Ave!, Sg, bonum diem
Well-met, friend. Good to see you back 'ere.
And to answer your question posed elsewhere-now I'm hangoverless, yes I still keep up with my various arcane chemical pursuits, I have done so ever since I was out of the toddler stage and able to read (taught myself with scientific textbooks), so its a fair bet, that is gonna be as set as the Planck constant as a speshul interest.
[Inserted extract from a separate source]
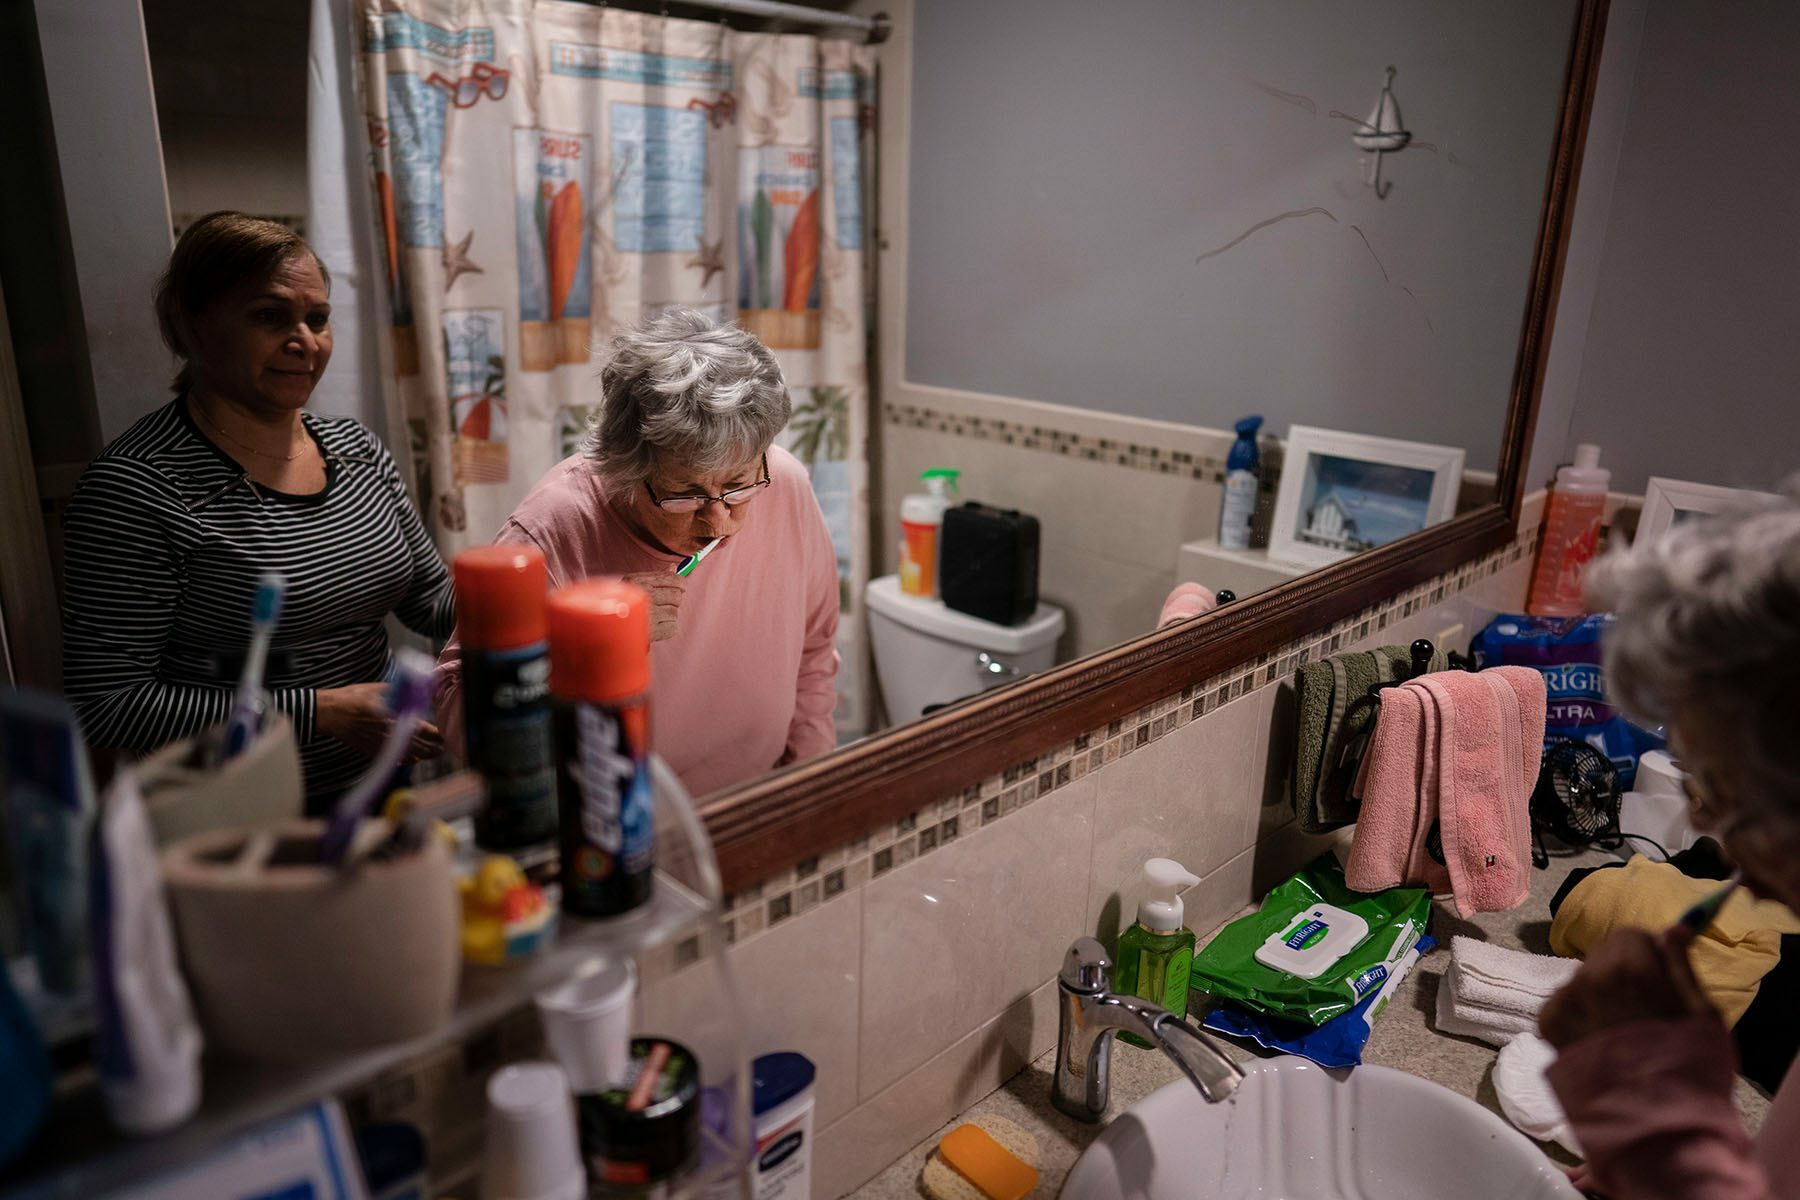 A woman is helped by her caregiver as she brushes her teeth.
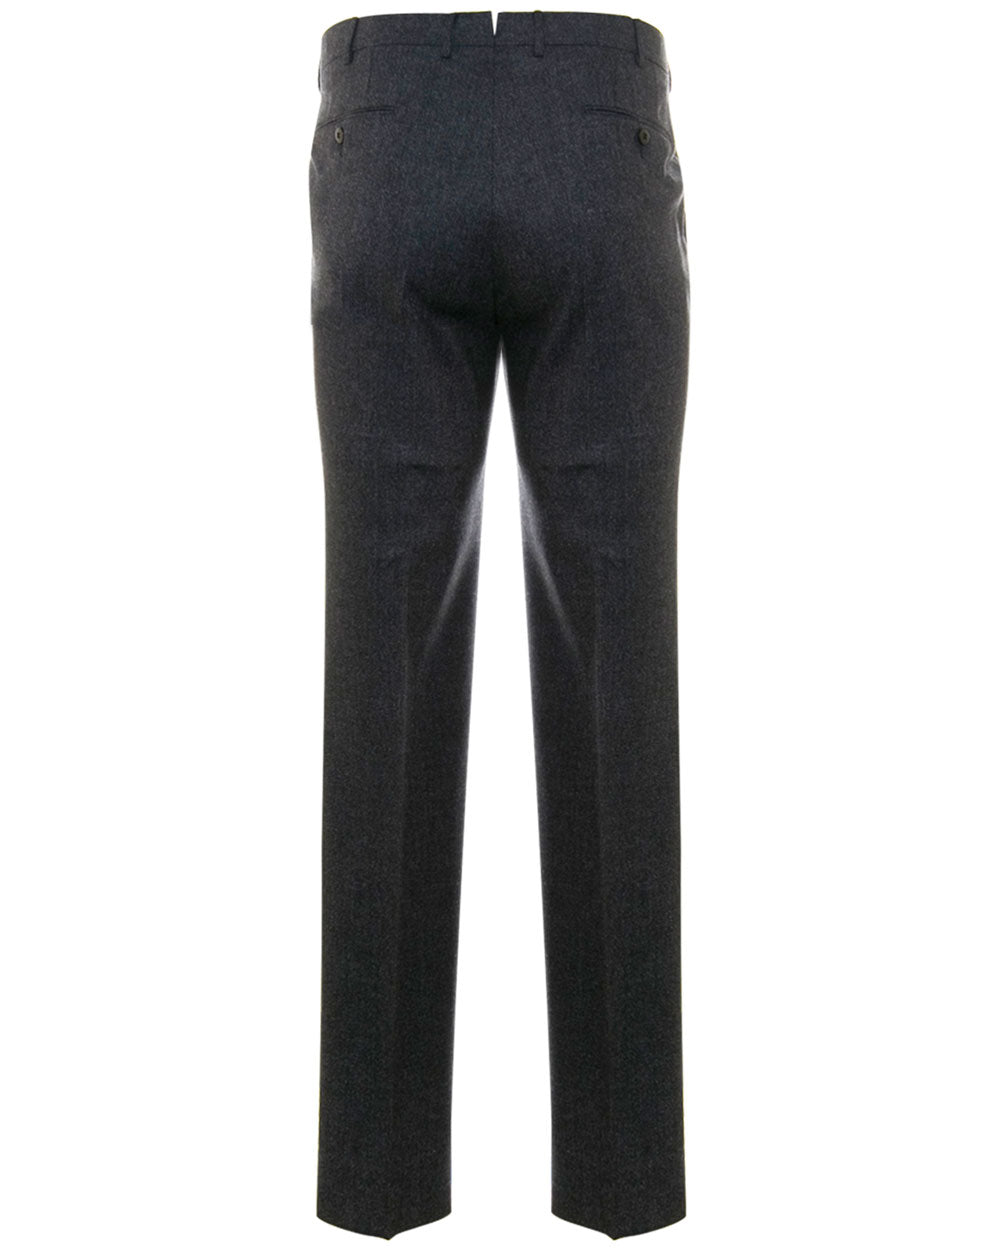 Anthracite Wool Trouser

And yes, I go out mushroom hunting, and come back mushroom-munching. I just love the variety of fungal treats that only the wild can offer, not knowing what one might find, a grab-bag potluck sort of meal in the making, when you've worked up a hell of an appetite being up from dawn until nightfall scouring the woodlands for choice tasty species (I've even gone out by torchlight before to bag me some chanterelles and Boletes, especially the Boletes, I've got quite a liking for many of them, and LOVE fried ceps (Boletus edulis), sauteed in butter with just a pinch of salt. Or oyster mushrooms picked straight from the tree trunk and eaten so fresh they are mere hours old at most, taken straight from logs to skillet, right then and there in the woods, over a little log fire. WAY nicer than shop bought oyster fungi, which to me represent meager pickings at best. The wild ones are so lucious, and never all soggy and crappy, because you just leave those to sporulate, and take the premium cream of the crop for eating only, very flavourfull.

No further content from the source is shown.